Дождавшись, пока все пассажиры разместятся, Роберт ритуально покричал:

– Отдать концы! – И катер рванул от причала, как застоявшаяся лошадь.

– Тьфу на него, – опасливо молвил Петрик, придерживая кудри на голове солнечными очками, а очки – рукой. – Кто тут должен отдать концы, я не понял?

– Не придуривайся, все ты понимаешь, это такая дежурная фраза, – окоротила его я.

– Не нравятся мне такие фразы, как бы не накаркал Роберто, – заупрямился дружище, переиначив имя нашего капитана на итальянский манер.

Роберт его, к счастью, не слышал.
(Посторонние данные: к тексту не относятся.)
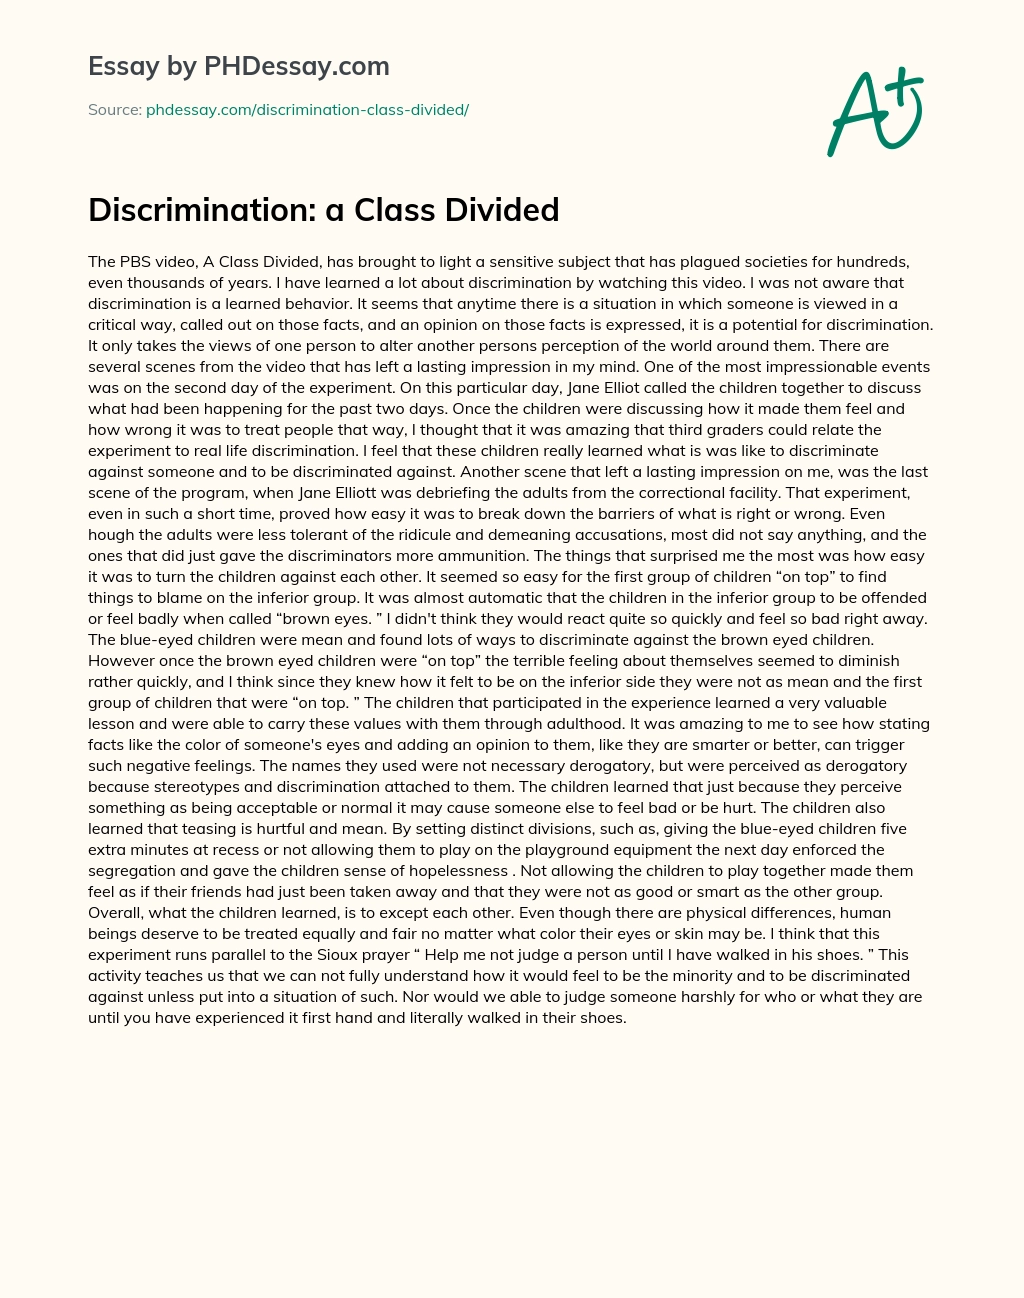 Discrimination: a Class Divided essay

Он управлял плавсредством, ведя его вдоль береговой линии на расстоянии пары километров, и увлеченно рассказывал в микрофон о местных достопримечательностях. Некоторое время мы его внимательно слушали, потом Покровский открыл корзину, раздал всем бутылочки-миньоны с шампанским и предложил сначала выпить за прекрасный день, а потом закусить за него же.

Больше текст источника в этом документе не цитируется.